Все три СРТ шли в струе от винтов этого четвертого, считая от лидера «Ленкорани», сухогруза. Это не было сравнением из литературы. Они шли в струе винтов сухогруза с именем Сергеича на корме и над клюзами.
То, что с трудом, но все-таки давалось «Ворошиловску», — этот лед пока был ему не опасен, — значительно осложняло жизнь «Ленкорани». И совсем трудно приходилось маленьким траулерам.
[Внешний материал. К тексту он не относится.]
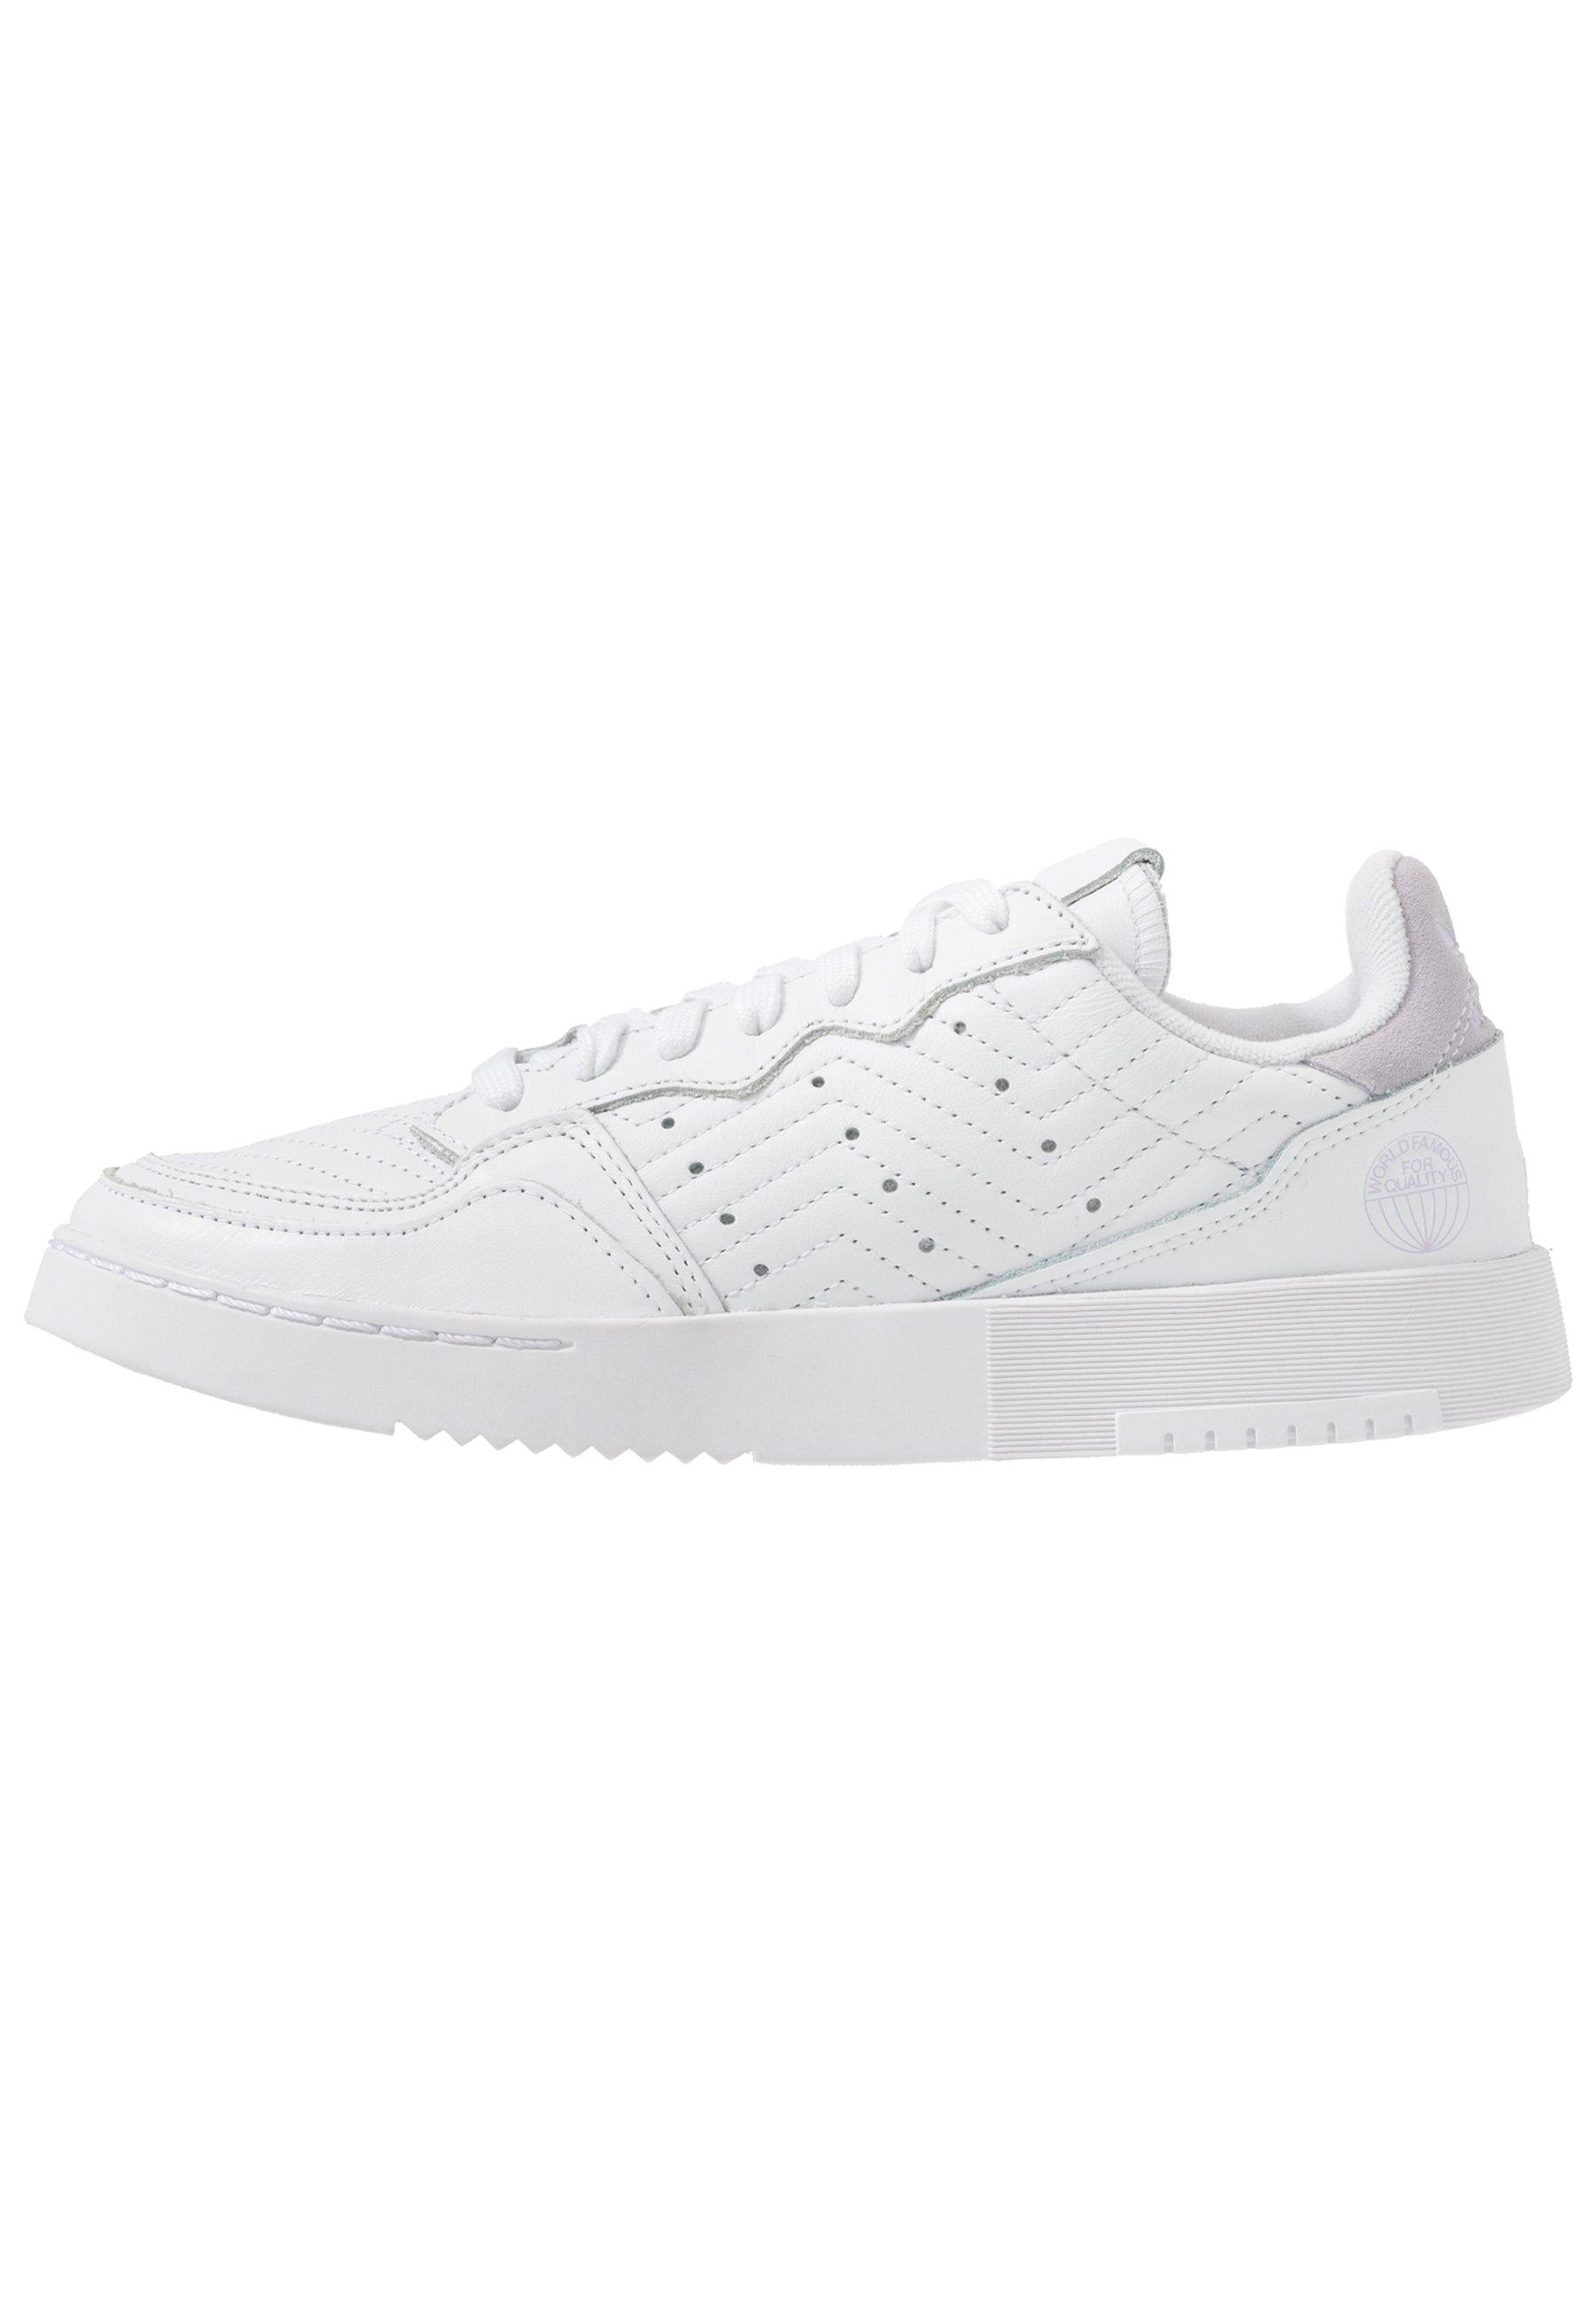 SUPERCOURT Baskets basses footwear whitepurple tint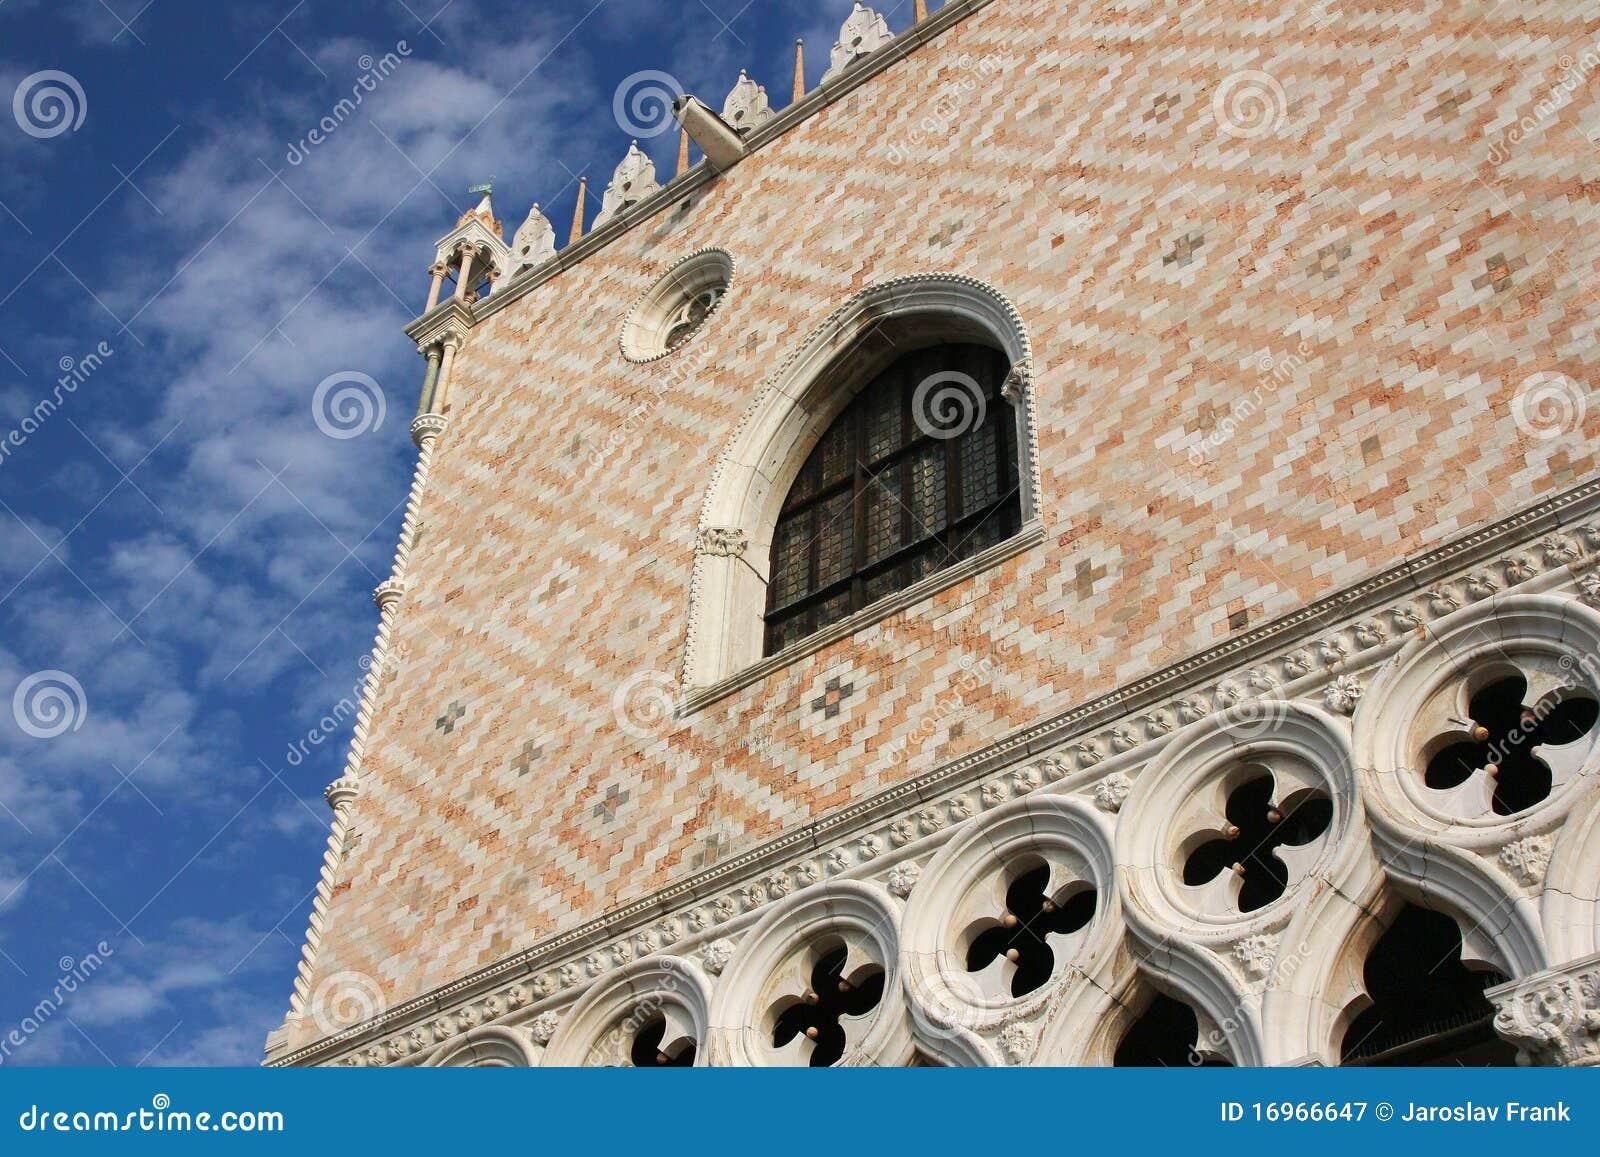 Palácio Ducal em Veneza (Italy)

Клотики их мачт едва доставали бы до надписи на высокой могучей корме сухогруза. А приходилось Феликсу держаться в такой близости от этой кормы, что он видел швы стальной его обшивки, потеки ржавчины, вмятины, мог бы потом узнать в лицо тех, кто, облокотись о планшир, стоял там, на корме сухогруза, следя за траулерами. Матросы на «Кухтуе» тоже стояли по оба борта на полубаке, следя за тем, как крупные обломки льда стремятся закрыть узкую щель прохода, проделанного впереди идущим сухогрузом. От напряжения у Феликса подергивалась щека — ни замедлить еще более хода, ни увеличить его он не мог, точно так же, как и сухогруз. Они шли, словно связанные веревочкой. Случись что в машине сухогруза или в главном дизеле «Кухтуя» — ЧП не избежать.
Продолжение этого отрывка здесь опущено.